Furthermore, if the North-South road in that last example were a Minor Highway or a Major Highway, the 20 to 30 degree angle at the start of the connector would produce an "Exit" instruction which may be more confusing than a "Keep" instruction would have been. So unless this connector is signed with an actual exit sign, a 90 degree start to the connector to produce a "Turn" instruction is most likely preferred.
Segment Naming and Type
The names and road types of the attached segments affect the routing algorithms, in addition to the geometry of the road segments,
A rule of thumb is if you want a turn to be announced, having a name difference between segments will improve the chances (but not guarantee) that it will happen.

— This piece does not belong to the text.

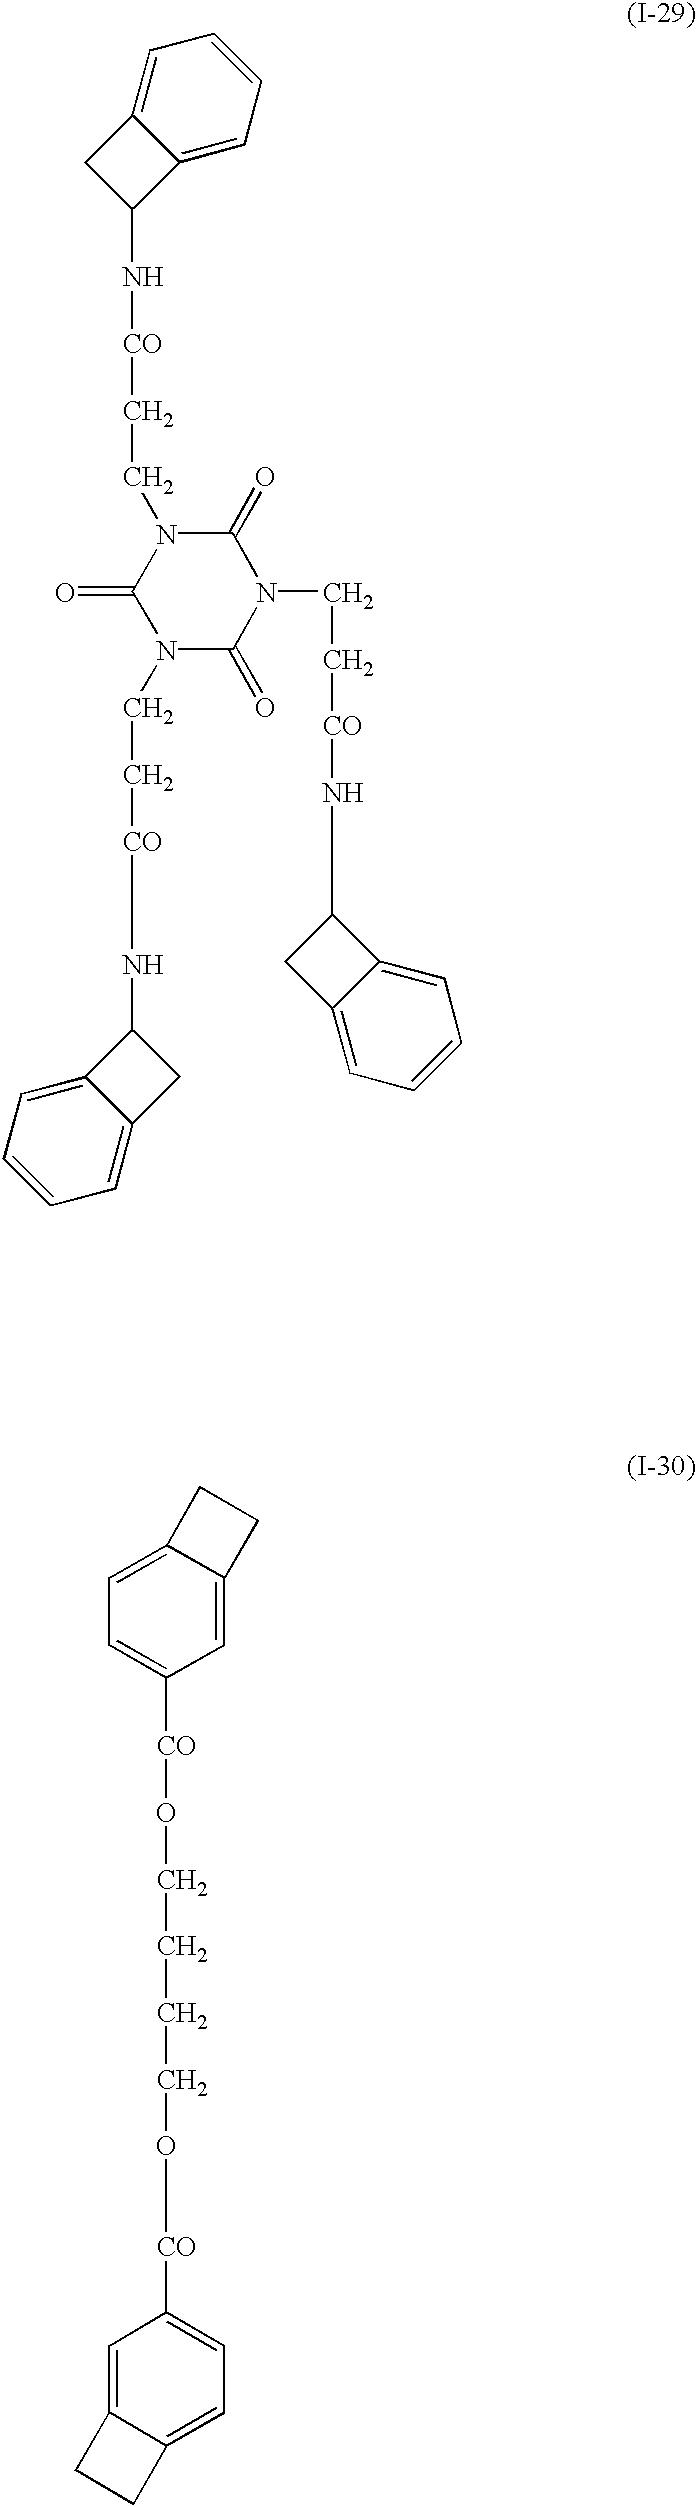 Figure US20030165778A1-20030904-C00020

In the case of the at-grade connector example above, the connector should either have a different name than the road it is leaving, or no name at all. (See At-grade connectors#Road name.)
Road type is a factor in determining navigation instructions as well, but names and angles are much more important. If you have multiple roads meeting at a junction and two of those road segments line up at close to zero degrees and they have the same name, that will be considered straight no matter what road types are used. An example demonstrating this is shown in the discussion on Y-intersections in a later section.
Road type will be the determining factor when all names are different. For example imagine you have a Ramp segment leading to a Freeway segment and another Ramp segment. The Ramp segment will be considered the "straight" continuation and there will be no announcement while a navigation instruction will be given to proceed to the Freeway segment. This is true even if the initial Ramp and the Freeway align at close to 0 degrees and the second Ramp departs at a 20 to 30 degree angle.